Excerpt from The New Communism by Bob Avakian

The following is an excerpt from the work by Bob Avakian, The New Communism. In addition to this and other excerpts posted on revcom.us, we will be running further excerpts from time to time on revcom.us. These excerpts should serve as encouragement and inspiration for people to get into the work as a whole, which is available as a book from Insight Press and as a PDF online at revcom.us.

The New Communism
The New Communism

This excerpt comes from the section titled "IV. The Leadership We Need."

Here we get back to a point that was made, toward the beginning of this presentation, on the base and the superstructure—the economic system, the mode of production, and how it sets the terms for things in society overall, and how, in turn, the superstructure that arises on that economic base serves to reinforce it. In other words, the political and ideological superstructure—the political system, the laws, the culture, the ideas that dominate in the society—have to be in accordance with that mode of production, or the society can’t function. So if you go down the road of saying we’re gonna use capitalist means to get a lot of wealth, if that’s the mode of production that’s operating, then you have to have a superstructure of laws, political institutions, culture and ideology, and so on, that goes along with and enforces that capitalist system, even if you once had a different set of ideas.

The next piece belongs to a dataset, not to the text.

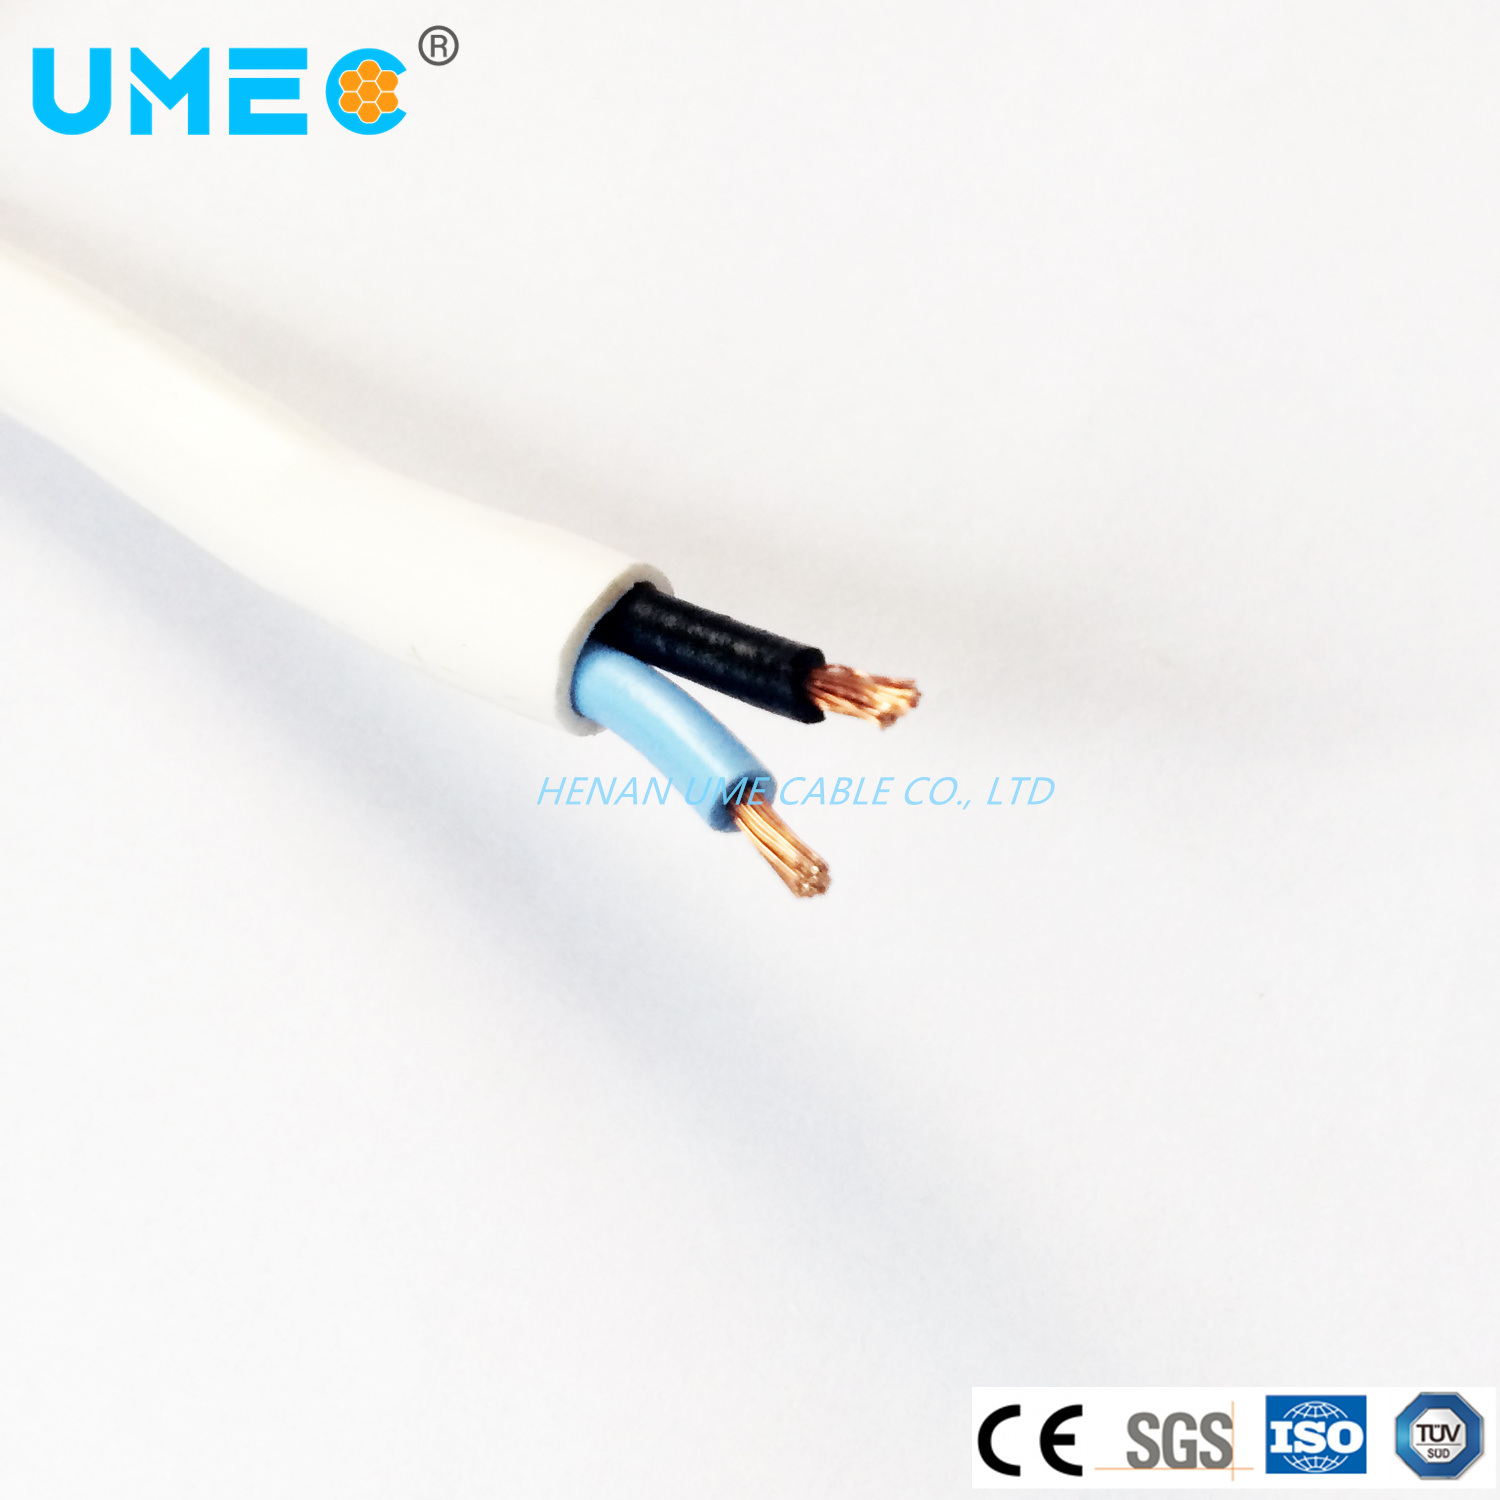 300/500V Flexible Cable H05vvf Power Cable

Think about this specifically in terms of the culture and the ideology. I talked about this earlier, the idea that the bourgeoisie always promotes—that the great thing about bourgeois society, the major change it brought about, was elevating the individual to the prime place in society, putting forward the sanctity of the individual and the importance of individual rights. I discussed how that’s a complete farce and completely in conflict with how bourgeois society actually operates—by exploiting masses of people and crushing and pulverizing literally billions of people around the world. But the idea of individualism is very much in keeping with and very much serves the bourgeois exploitative mode of production. The idea that everybody should be out for themselves is reinforced by the fact that you are in competition with everybody else—for jobs, for promotions, for scholarships, for admission to college, for whatever it might be. So that is encouraged and fostered by the mode of production, by how the economic system works and how it affects people. And then, in the superstructure, it is reinforced with the idea that the most important thing is the “self”—the “self” is the center of everything. No matter what else is going on in the world, the most important thing, the thing that you should be concerned about, above all, is yourself. That’s the only way you can go through the world. This is constantly pumped at people, and it constantly gets reinforced even when people try to break with it. It requires a tremendous struggle to get out of the framework that, when everything is said and done, “I am the most important thing in the world.” And, besides the way in which this goes along with the bourgeois notion that the striving for individual acquisition/private accumulation of wealth is the most legitimate and productive motive force in social development, it conforms to the interests of the ruling class because, if you have a society where everyone is thinking that way, you’re never going to be able to bring about any kind of significant social transformation. You’re going to remain stuck within a system where people are being exploited and oppressed, but everybody is out for themselves in competition with everybody else.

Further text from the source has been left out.